Flies like a bird unfettered from her cage.
—Maria Lowell

Flew like sparks in burnt up paper.
—James Russell Lowell

Fly as fast as Iris or Jove’s Mercury.
—Christopher Marlowe

Fly as fast as the hare from the horn.
—Brian Melbancke

Flown
Like a smoke melted thinner than air,
That the vacancy doth disown.
—George Meredith

Flew around like the spray on a storm-driven deck.
—Joaquin Miller

Flown, like morning clouds, a thousand ways.
—James Montgomery

All flew like the down of a thistle.
—Clement.

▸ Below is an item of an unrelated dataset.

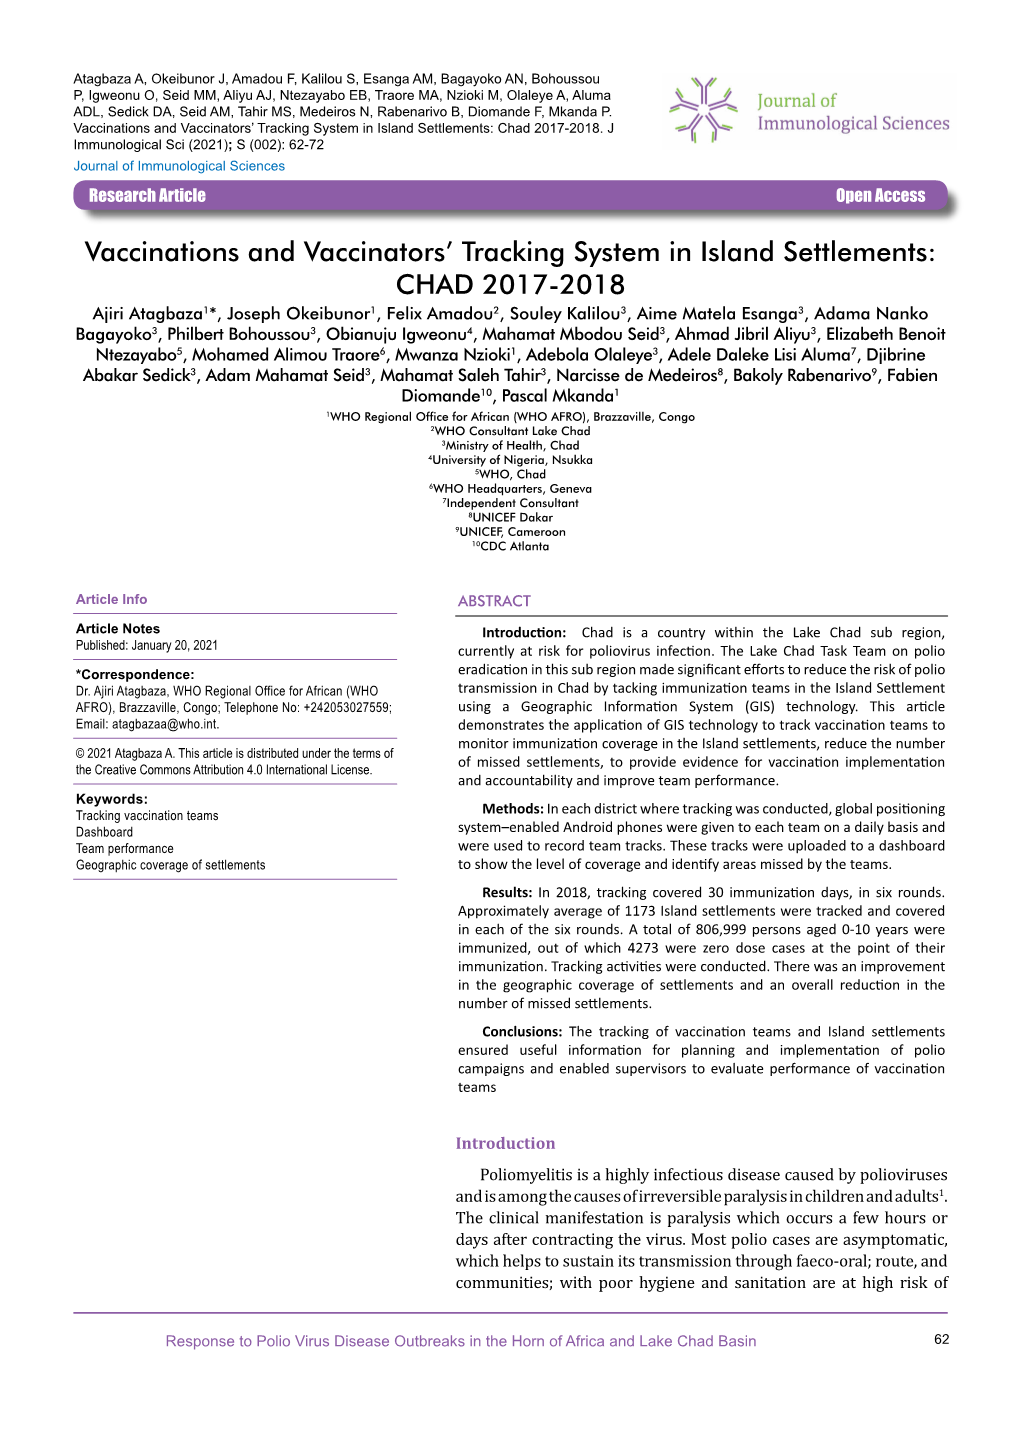 Vaccinations and Vaccinators' Tracking System in Island Settlements

C. Moore

Swiftly flew as glancing flame.
—Thomas Moore

Flown are the days with their winged delights, as the odor is gone from the summer.
—Louise Chandler Moulton

Flew like the swift and dazzling flight of gold-winged orioles.
—Ouida

As before the pike will fly
Dace and roach and such small fry;
As the leaf before the gale,
As the chaff beneath the flail,
As before the wolf the flocks,
As before the hounds the fox;
As before the cat the mouse,
As the rat from falling house;
As the fiend before the spell
Of holy water, book, and bell;
As the ghost from dawning day.
—Thomas L. Peacock

Some fly, like pendulums, from good to evil,
And in that point are madder than the devil.
—Christopher Pitt

He flies like a dog that has burnt his paw.
—Osmanli Proverb

Flew as the spirit flies from the dead.
—Dante Gabriel Rossetti

Fly like eagles which pursue their prey.
—George Sandys

Flew at him, like the young hero Siegfried when he attacked the wild, long-bearded dwarf Alberich.
—Joseph V. von Scheffel

Flown like the light clouds of a Summer’s day.
—John Scott

Fly, like mist before the zephyr’s sigh.
—Sir Walter Scott

Fly like chidden Mercury from Jove.
—William Shakespeare

Like falcon to the lure, away she flies.
—William Shakespeare

Fly like thought.
—William Shakespeare

Like soldiers, when their captain once doth yield,
They basely fly.
—William Shakespeare

Like a flock of rooks at a farmer’s gun
Night’s dreams and terrors, every one,
Fled from the brains which are their prey.
—Percy Bysshe Shelley

Flew like the wind.
—John Skelton

Flew at him like an hellish fiend.
—Edmund Spenser

Flew like a wyld gote.
—Edmund Spenser

Fly, like scattered sheepe.
—Edmund Spenser

Flew away as lightly as the wind.
—Edmund Spenser

Flying fast as roebucke through the fen.
—Edmund Spenser

Flie, as leapes the deere fled from the hunter’s face.
—Earl of Stirling

Fly as if the devil drove.
—Jonathan Swift

Flown as flies the blown foam’s feather.
—Jonathan Swift

Fly as the eagle that hasteth to eat.
—Jonathan Swift

Fly away as a dream.
—Jonathan Swift

Flew like a blossom blown about.
—Walter Thornbury

Flown,
Like birds from the nest when their wings have grown.
—John T. Trowbridge

Fly,
Like doves before the gathering storm.
—George Sylvester Viereck

Flown,
Like the morning-glory’s cup.
—Amelia B. Welby

Fly like flower-seeds on the breeze.